__Aim of the exercise__: Begin the copy at the line containing "SKINNY FIT DISTRESSED" in the data below and end it at the line containing "Angle View: Insignia™", keeping each line exact and leaving out pictures.

__Information given__:
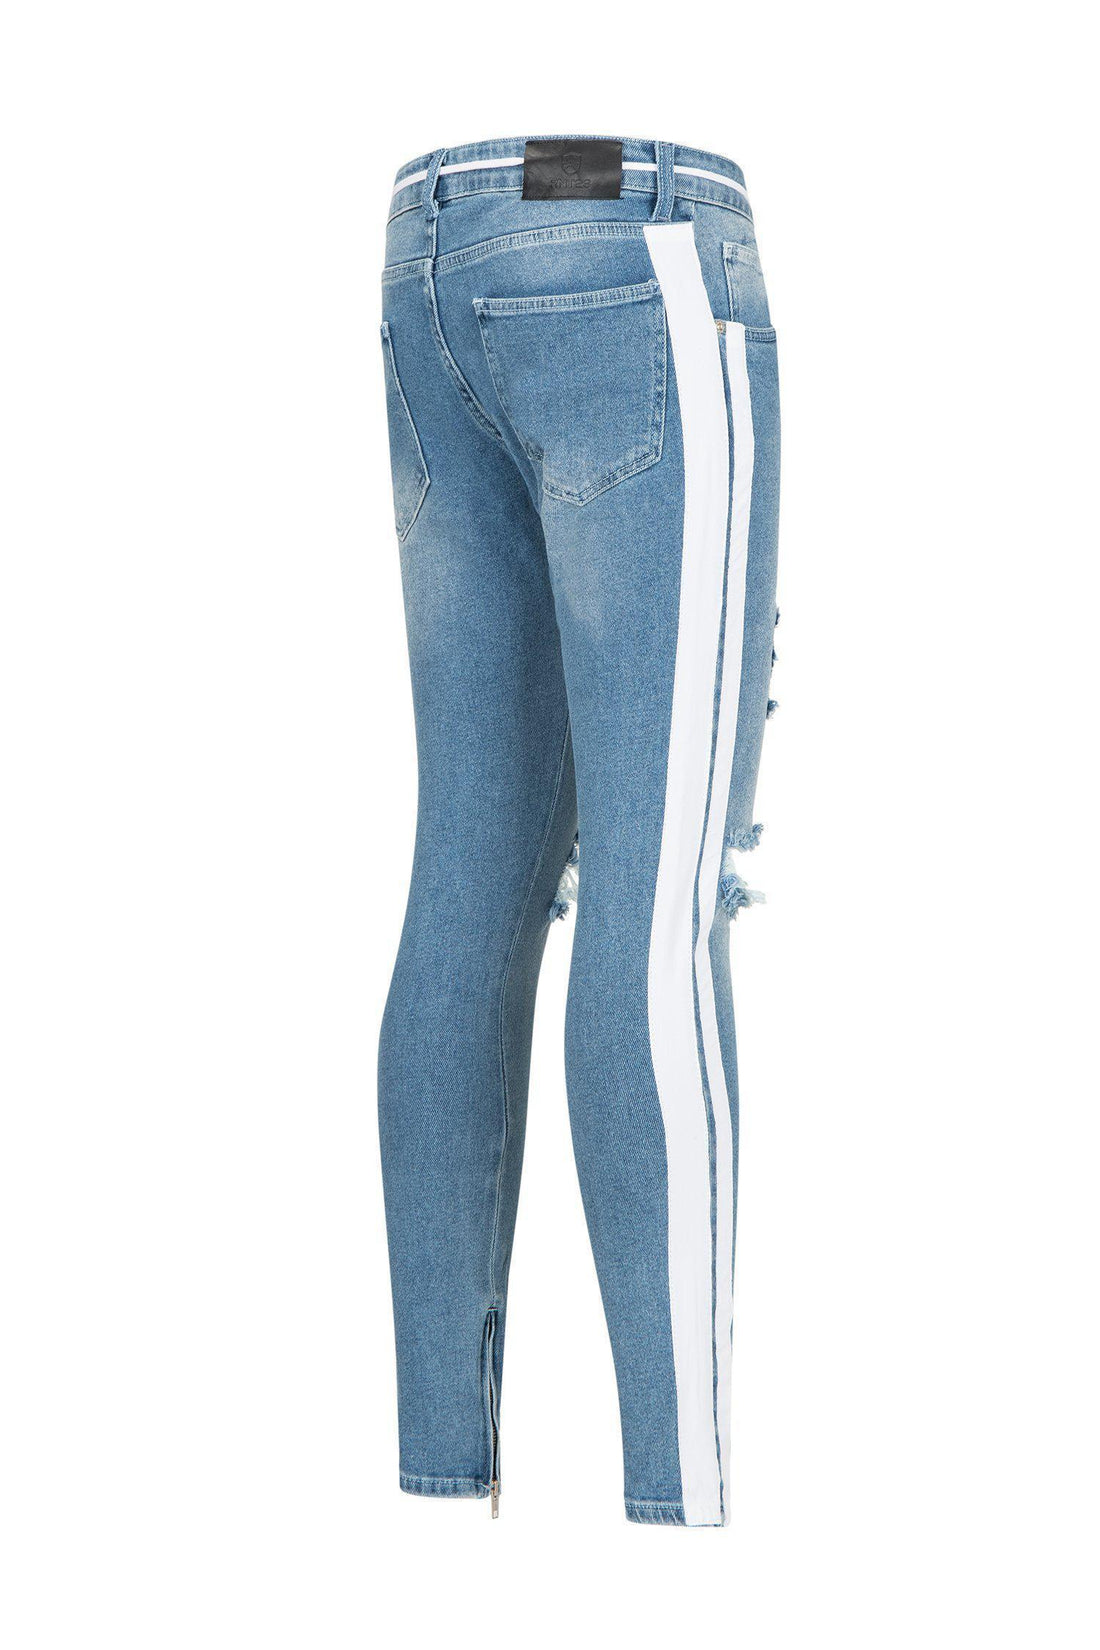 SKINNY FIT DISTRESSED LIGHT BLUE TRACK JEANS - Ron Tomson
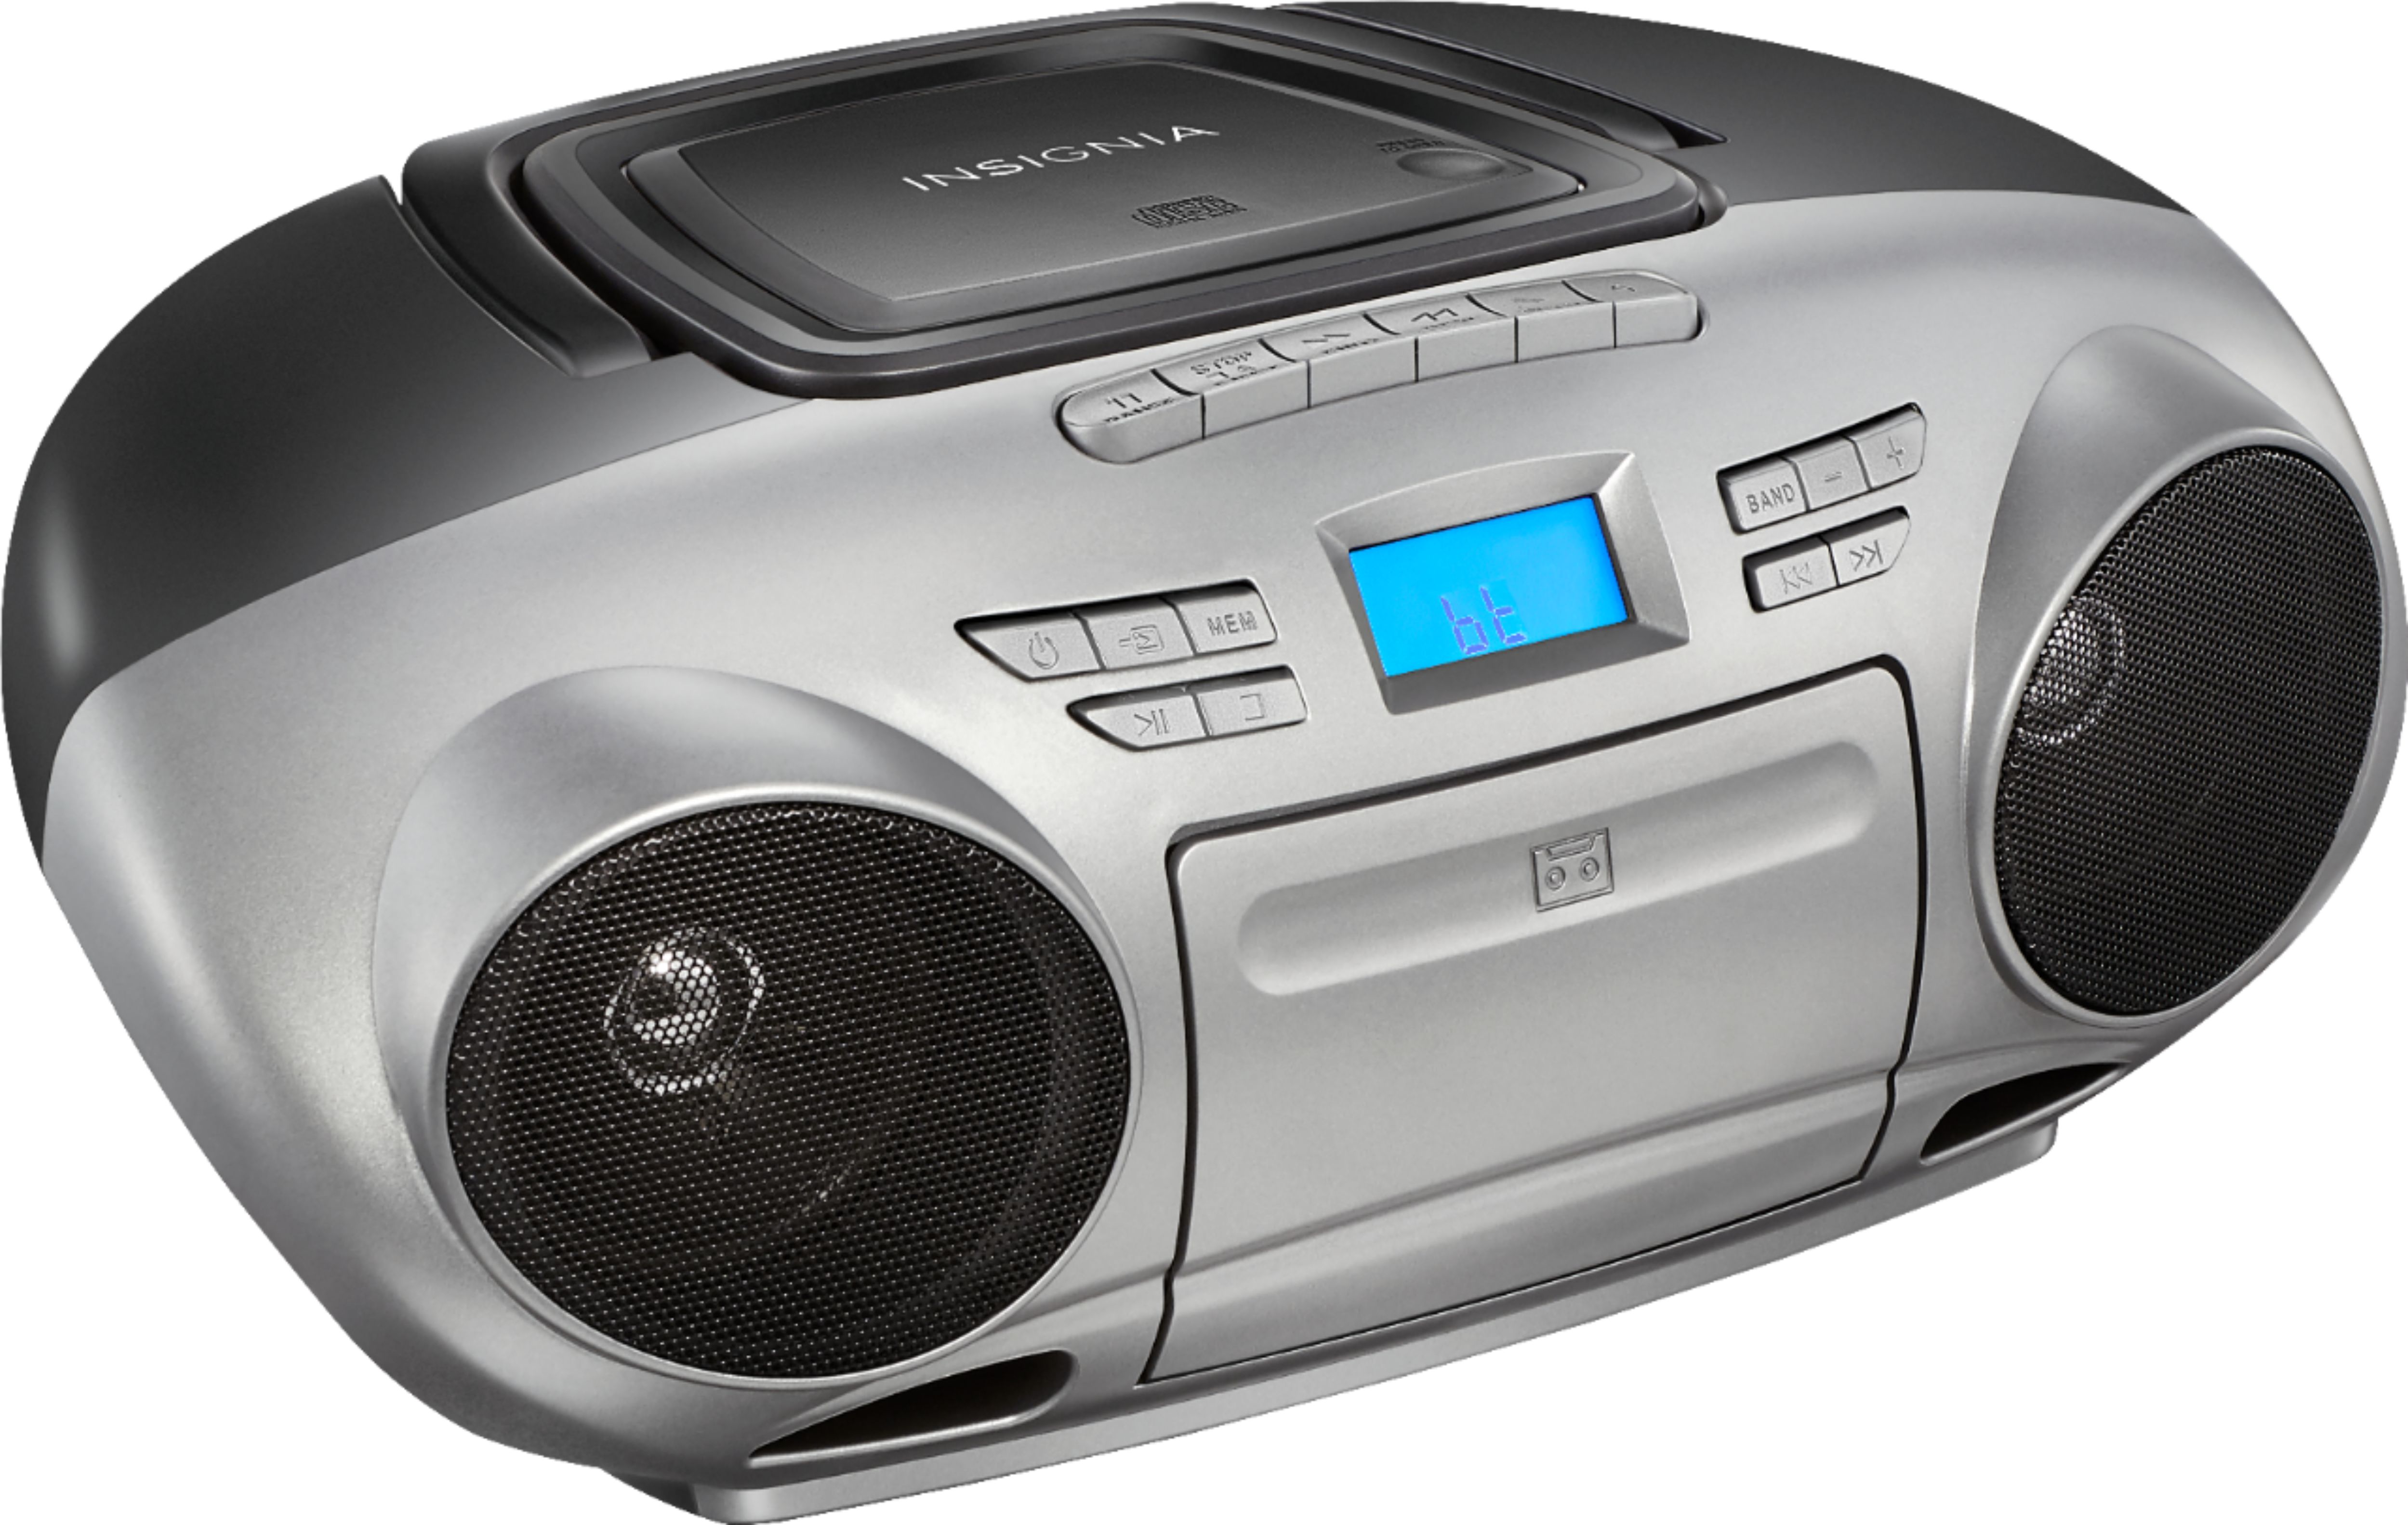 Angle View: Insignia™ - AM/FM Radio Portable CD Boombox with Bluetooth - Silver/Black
==
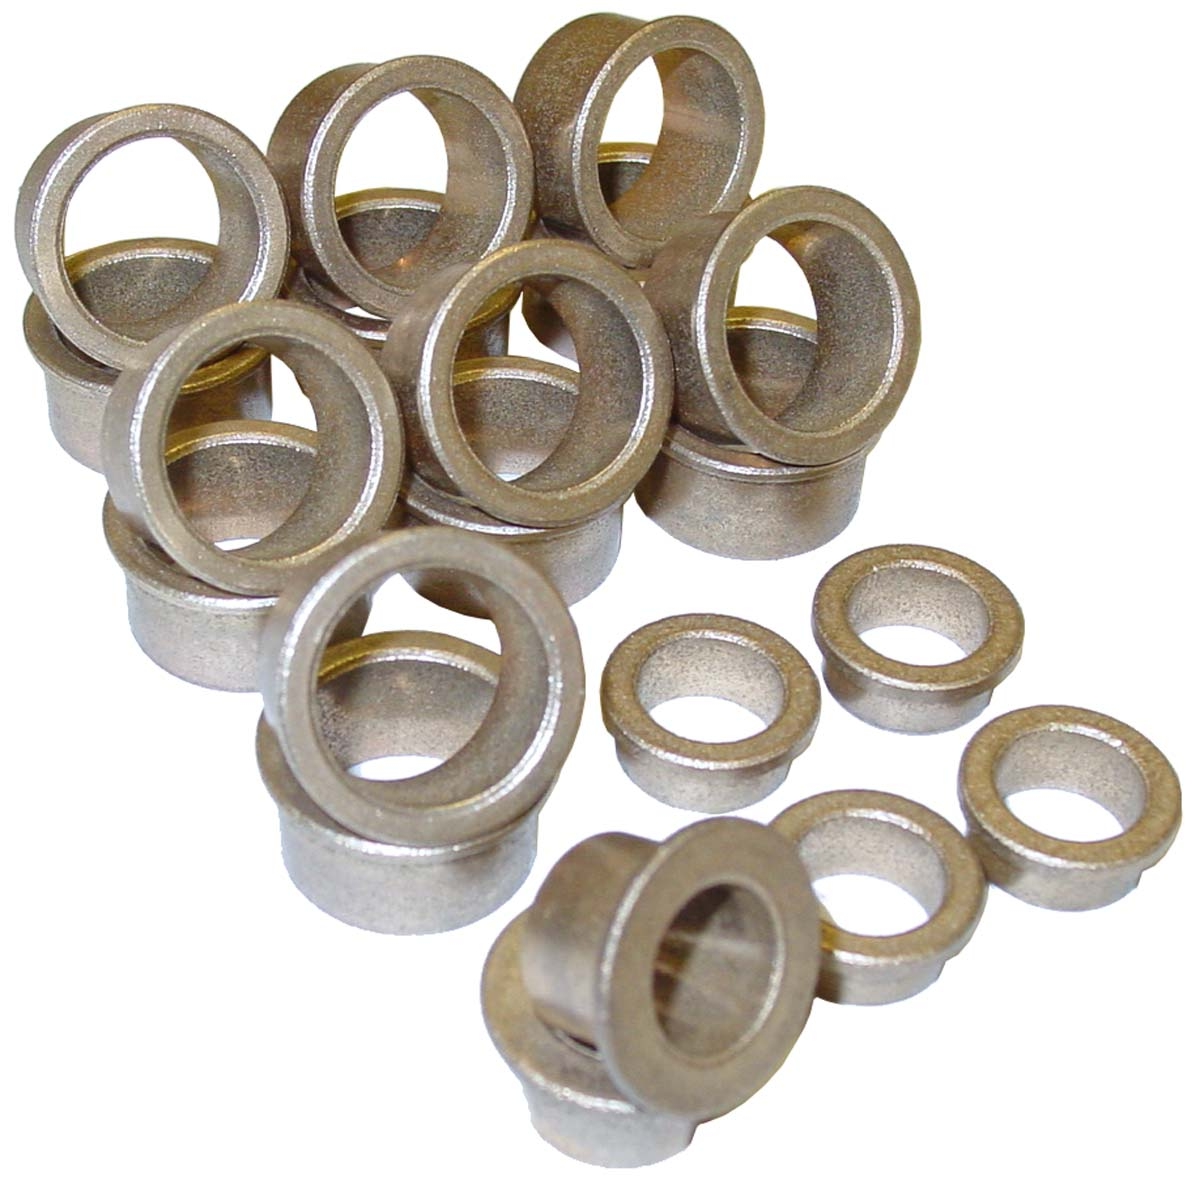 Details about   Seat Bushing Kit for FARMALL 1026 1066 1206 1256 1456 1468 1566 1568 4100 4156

__Task solution__:
 SKINNY FIT DISTRESSED LIGHT BLUE TRACK JEANS - Ron Tomson
 Angle View: Insignia™ - AM/FM Radio Portable CD Boombox with Bluetooth - Silver/Black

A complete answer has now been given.